彼女の頭の中には、私の店を拠点にして、この王都に新たな高級茶の文化を根付かせるという壮大な青写真も描かれているのだろう。しかし、これは私にとっても決して悪い話ではない。この驚くほど美味しいお茶をいつでも飲めるようになり、さらに店の売上も上がるのだから。
「素晴らしいご提案です! 是非、私のお店にコーナーを作らせてください!」
「良かったわ。契約成立ね。改装が終わる頃に合わせて、極上の茶葉をたっぷりと運び込ませるわね」
ロマーナ氏は満足そうに微笑み、再びお茶を口に含んだ。そして、少しだけ声のトーンを変えて、親しげな響きで尋ねてきた。
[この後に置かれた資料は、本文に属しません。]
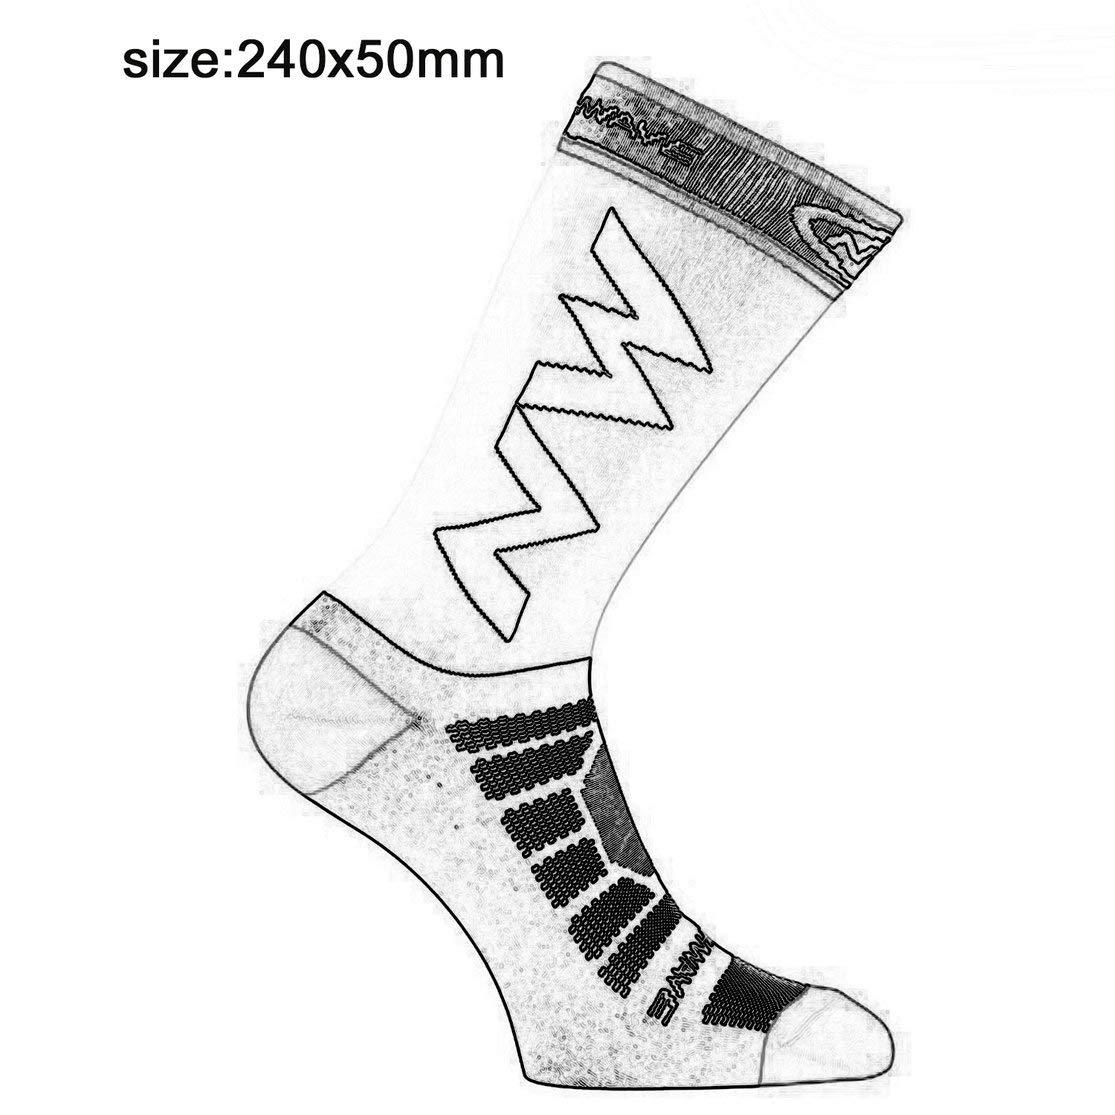 Kaemma Calcetines Largos de compresi/ón para Hombres Adultos Transpirables Calcetines de f/útbol c/álidos Baloncesto Deportes Antideslizante Ciclismo Escalada Correr Calcetines

「ところでルキアさん。例の美容グッズの経過はどうかしら?」
「あれですね!」
私は身を乗り出した。
「それが、とても良くて! 私の髪は見違えるように艶が出ましたし、ストレスが減って肌の調子も格段に上がりました。それに、私だけでなく、カシウスもすごく気に入っているんです!」
そう、何を隠そう、このルーメン国には今、空前の「美容グッズブーム」が到来していたのである。
これまで、この国の美容といえば、一部の王侯貴族が怪しげな香油を塗りたくったり、鉛を含んだ白粉を使ったりするような、前時代的で危険なものが主流だった。あってもマーケティングゼロの、無人販売という、ドカ出し業者だけだった。
しかし、そこに革命をもたらしたのがロマーナ氏である。彼女は、自前の巨大な錬金術研究所と、それを量産するための錬金術工場を所有しており、他国で培った高度な技術を、『化粧品ブランド』として、この国に持ち込んだのだ。
彼女の到来と同時に、安全で効果の高い化粧水、保湿クリーム、そして革新的な洗髪料などが次々と市場に投入された。初めは恐る恐る手を伸ばしていた貴族の女性たちも、その劇的な効果に驚嘆し、瞬く間に口コミが広がった。今や、彼女の商会が展開する美容グッズを手に入れることは、王都の女性たちにとってのステータスであり、大きなブームとなっていたのだ。
以前、画家界の巨匠だったアイレネという人の絵画のモデルになったのだが、その影響でこうして、私はロマーナ氏と知り合きっかけができ、特別なコネクションにより、ルーメンでの一般発売前の最先端の試作品から、最高級の完成品までを優先的に提供してもらっていた。